Commercial risk management tools are the tools that are used to analyze the financial data using the financial ratios as they are compared with the industries set standards. Risk management helps an organization to maximize on the firms returns and general prosperity but poor risk management leads to wrong financial commitment and leads to undetected fraud within an organization (Hastak and Baim 67-76).
Management Discussion and Analysis
This is a report that compares operating results, liquidity and financial statements that is removed in filing in the financial statements of a company with Securities Exchange Commission (SEC). It is used in communicating the managers ideas about the operation of the company and provides information about the operations of an entity success and challenges.
According to Sam he stated that the management discussion and analysis of Exxon Mobile Corporation showed that its net income and earnings per share increased by 17% and 25%respectively, which was an indication of higher earnings for the company. The companys inventory such as high crude oil and natural gas realization were declined due to implementing programs aimed at lowering refining process, managing chemical production and increasing the rate operating costs of the organization. The numbers of shares outstanding were reduced through purchasing the shares in stock market.

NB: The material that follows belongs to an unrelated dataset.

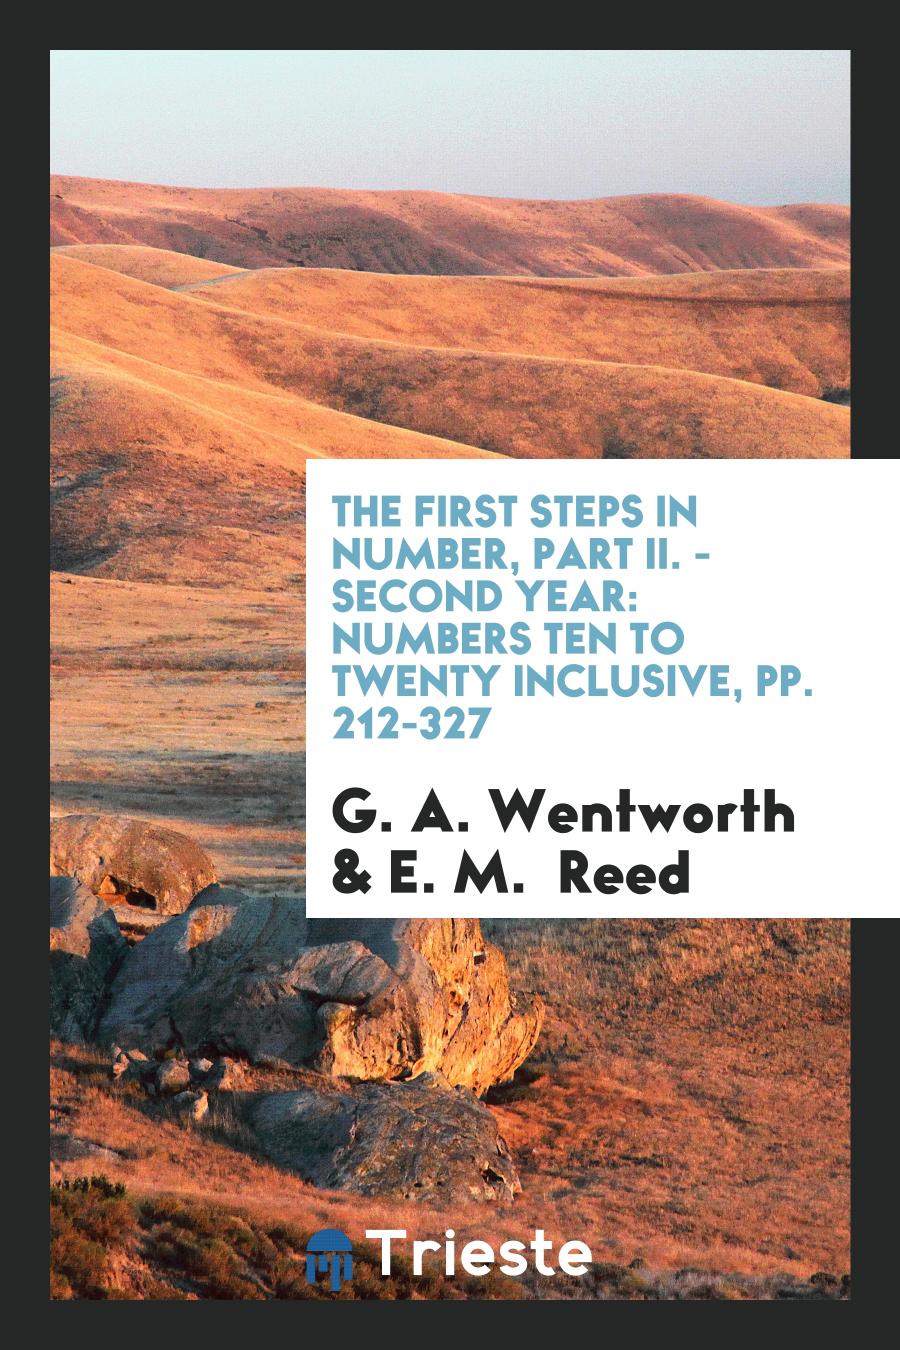 The First Steps in Number, Part II. - Second Year: Numbers Ten to Twenty Inclusive, pp. 212-327

It was revealed that prices of oil were high as they were attributed to increased cost of crude oil and product purchase which were increasing each year, but in the year 2006 there was a slight decline due to managerial problems within the organization.
Predictions regarding stock of the Exxon mobile corporation
It was reported that there would be a shortfalls in oil products due to factors such as lower crude prices, credit crises and the liquidation of hedge funds and mutual funds.

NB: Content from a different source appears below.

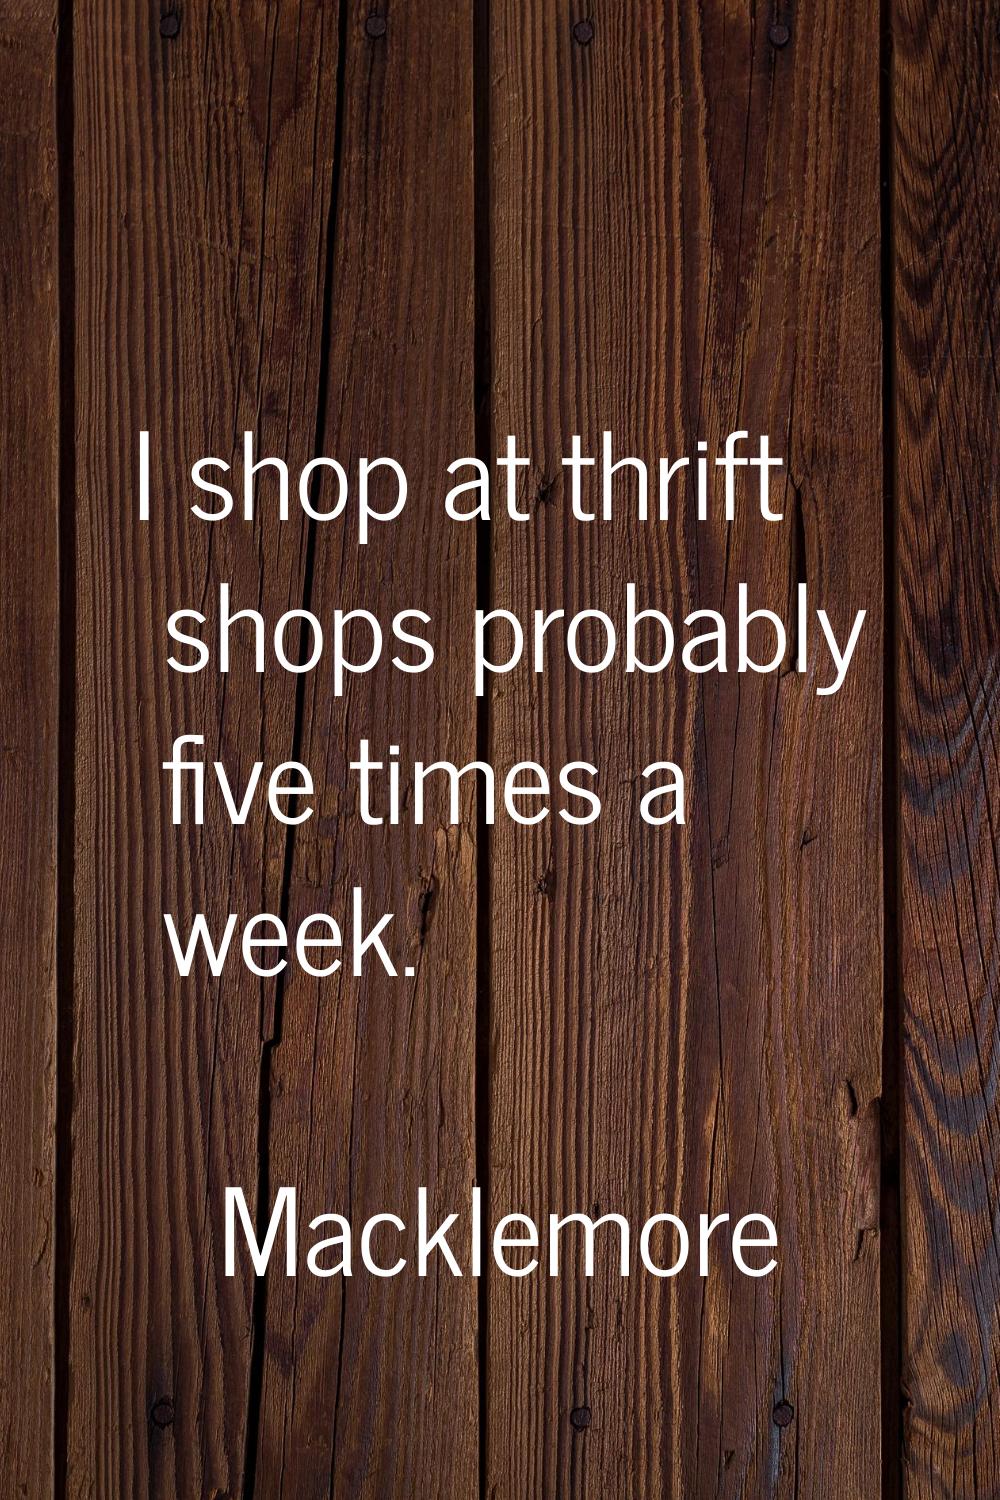 I shop at thrift shops probably five times a week.

The company has been keeping enough stock for its products; therefore in case there was a shortfall in supply of the oil and gas products it would immediately deliver services to the customers. The predictions of the companys stock is that it will last for a period of over 10 years since it undertakes exploration and development within the country that have contributed to constant supply of the produce to the customers. The recommendations that would be given to the management of the company incase its oil wells deplete in the future is that they should venture in the production of natural gases so as to compensate for depletion of oil wells in a country.
Summary
It has been noted that when the management of organization follow the rules and regulations that pertain accounting profession they can generate revenues and incomes.Extensive research should be carried out so as to ensure the right personnel are employed so that they can undertake all accounting in a more efficient manner. The performance of Exxon mobile improved due to proper utilization of its resources in an effective manner and meeting its financial obligations as they occurred.